Lessons learnt using Apache HTTP Connection Pooling Library


Recently, I was facing an issue in production where our backend service used to get stuck while making a HTTP client request through Apache HTTP

After some debugging, I got this stack trace from the logs

org.apache.http.conn.ConnectionPoolTimeoutException: Timeout waiting for connection from pool
	at org.apache.http.impl.conn.PoolingHttpClientConnectionManager.leaseConnection(PoolingHttpClientConnectionManager.java:316)
	at org.apache.http.impl.conn.PoolingHttpClientConnectionManager$1.get(PoolingHttpClientConnectionManager.java:282)
	at org.apache.http.impl.execchain.MainClientExec.execute(MainClientExec.java:190)
	at org.apache.http.impl.execchain.ProtocolExec.execute(ProtocolExec.java:186)
	at org.apache.http.impl.execchain.RetryExec.execute(RetryExec.java:89)
	at org.apache.http.impl.execchain.ServiceUnavailableRetryExec.execute(ServiceUnavailableRetryExec.java:85)
	at org.apache.http.impl.execchain.RedirectExec.execute(RedirectExec.java:110)
	at org.apache.http.impl.client.InternalHttpClient.doExecute(InternalHttpClient.java:185)
	at org.apache.http.impl.client.CloseableHttpClient.execute(CloseableHttpClient.java:83)
	at org.apache.http.impl.client.CloseableHttpClient.execute(CloseableHttpClient.java:108)
	at org.apache.http.impl.client.CloseableHttpClient.execute(CloseableHttpClient.java:56)
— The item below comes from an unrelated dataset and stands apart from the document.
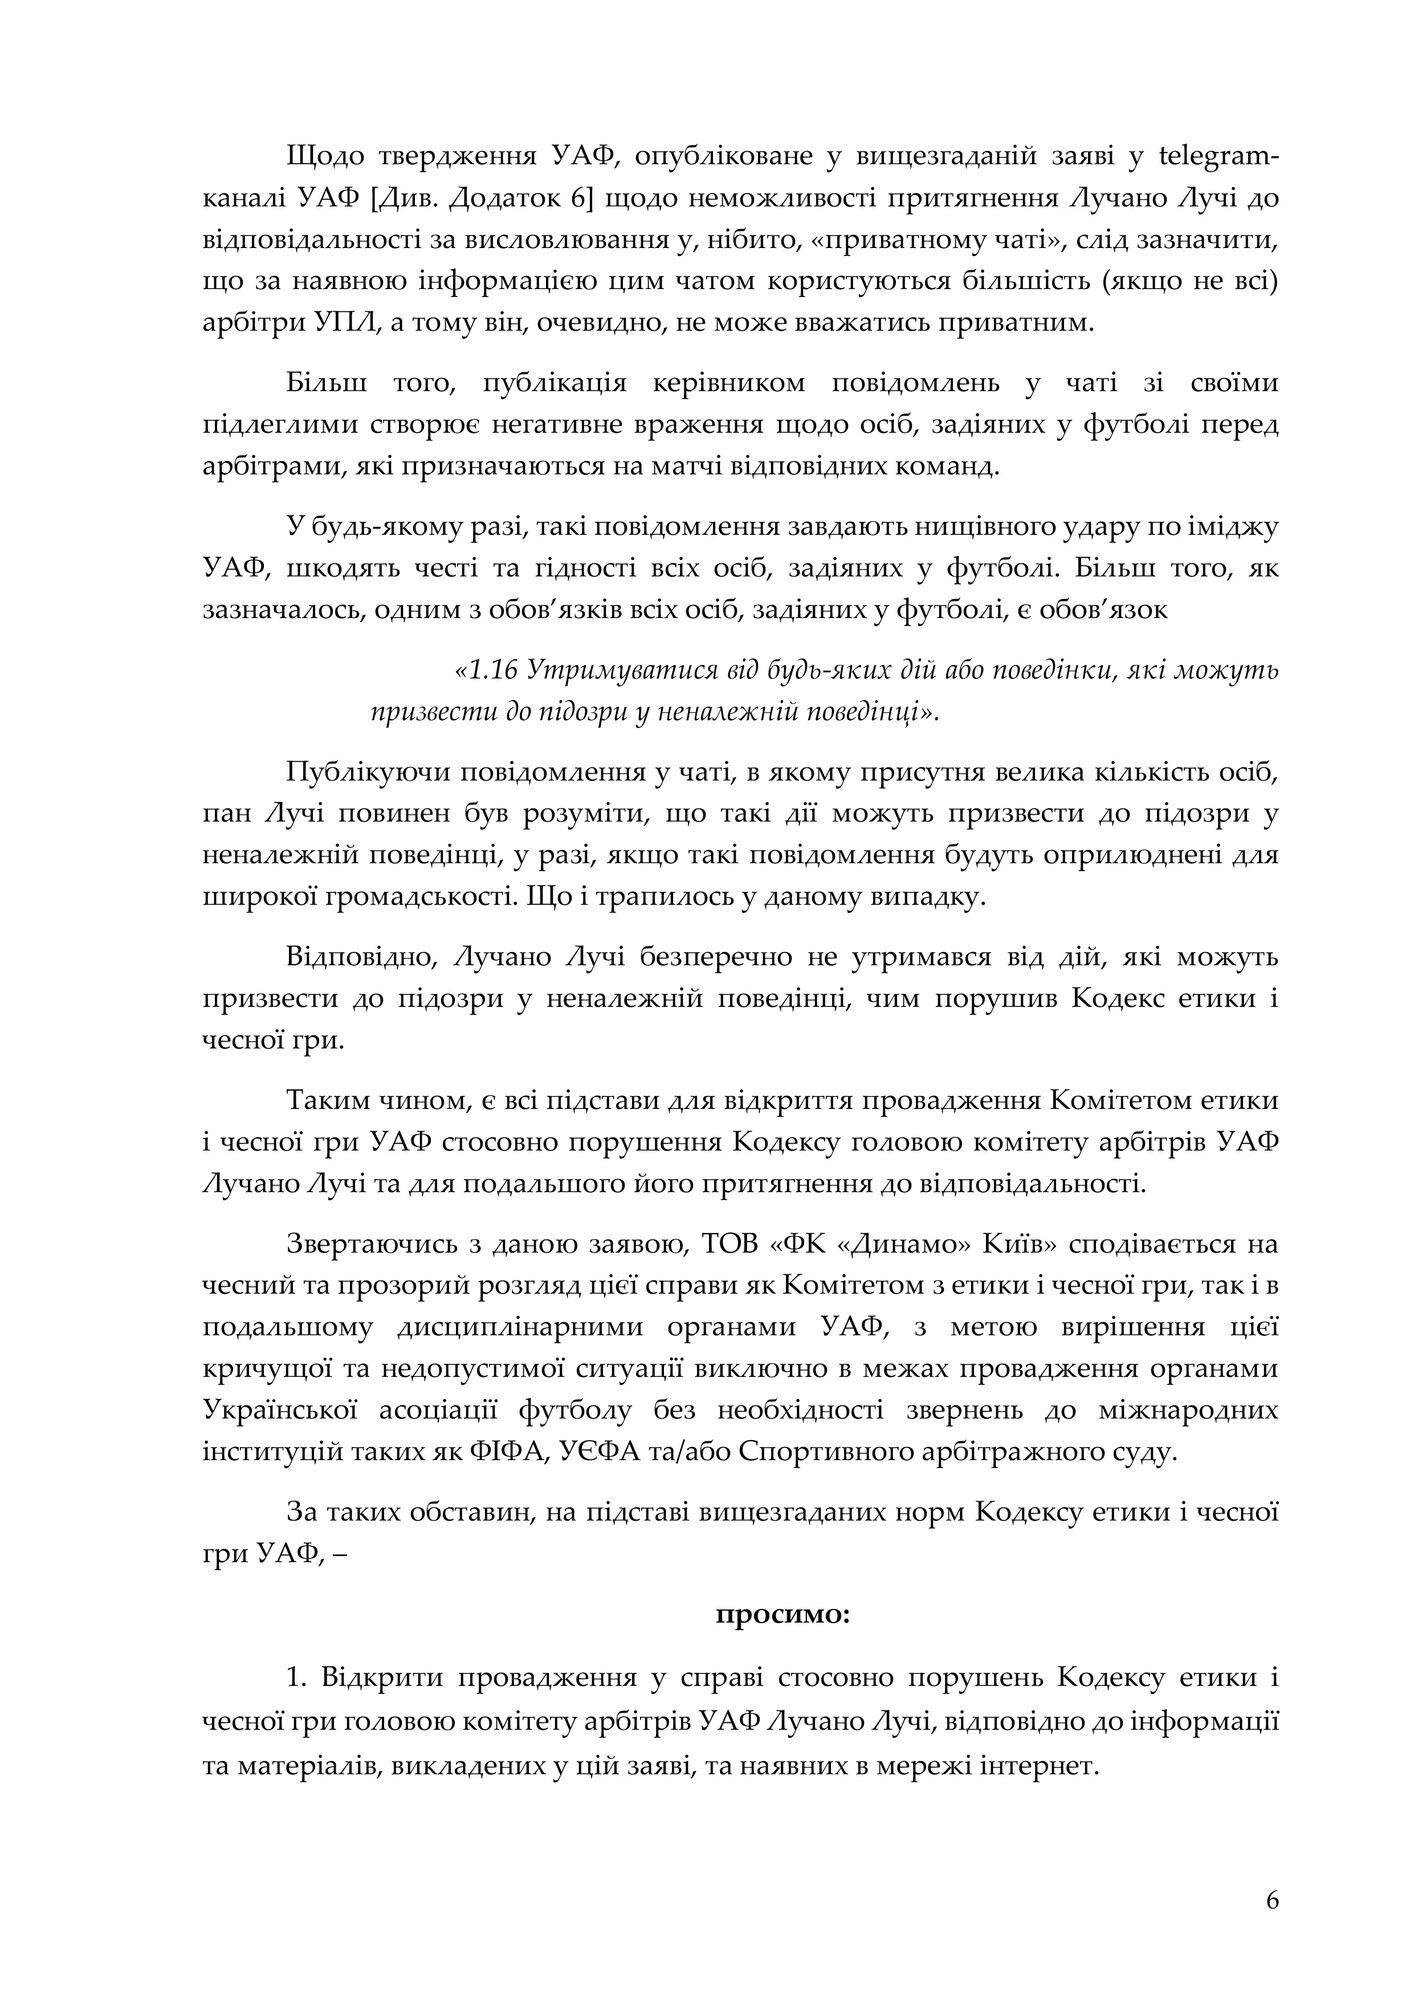 """Официальное заявление """"Динамо"""", страница 6"""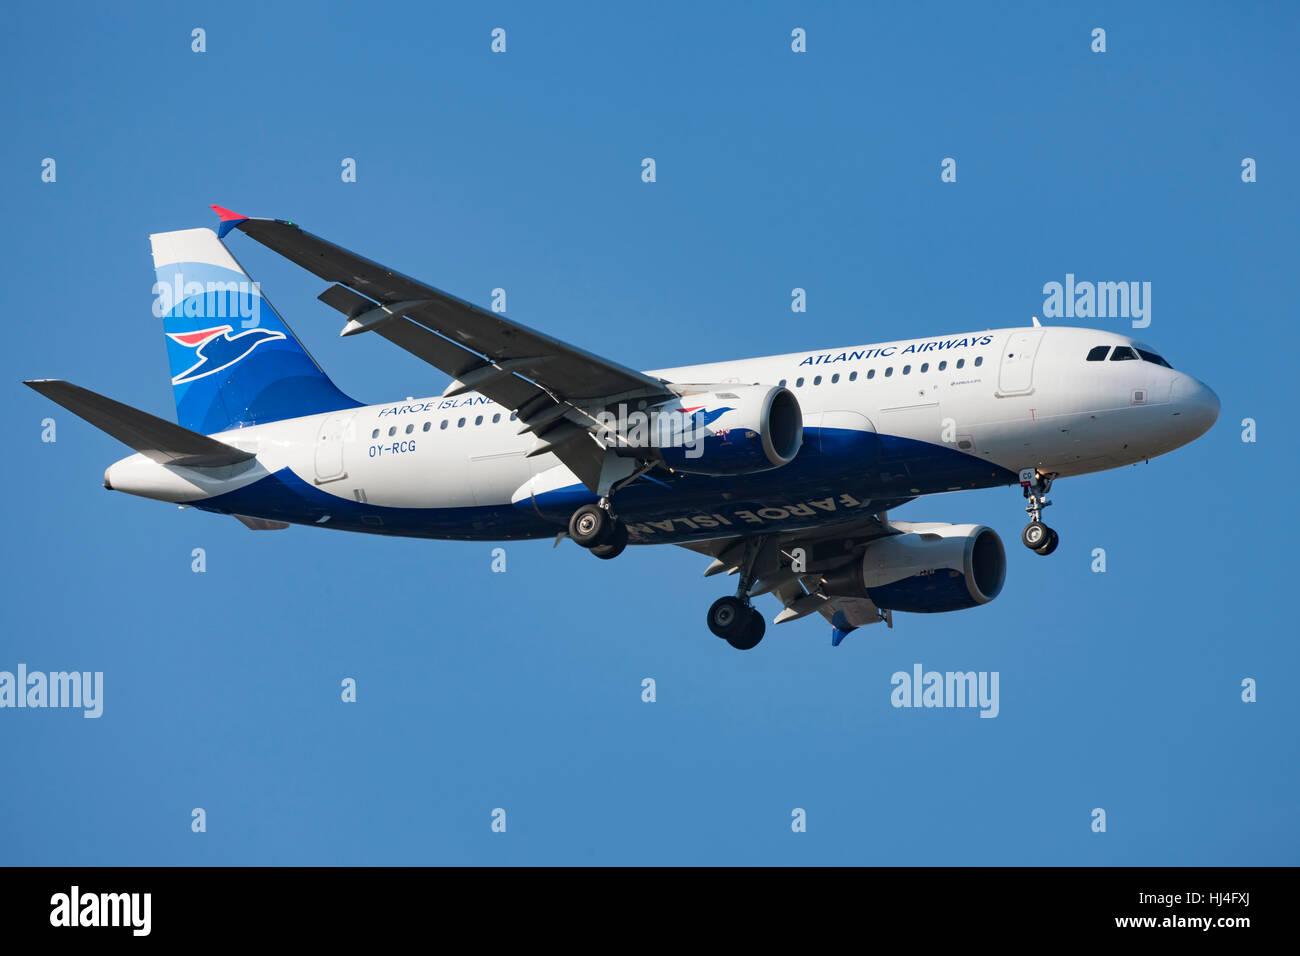 Atlantic Airways Airliner in flight, airplane, plane, blue sky - Stock Image

The pecuilar thing was that it was happening for only single endpoint and not any other endpoint.

We were using Apache HTTP connection pooling library and my focus shifted to that. According to PoolingHttpClientConnectionManager documentation, it maintains a maximum limit of connection on a per route basis and in total.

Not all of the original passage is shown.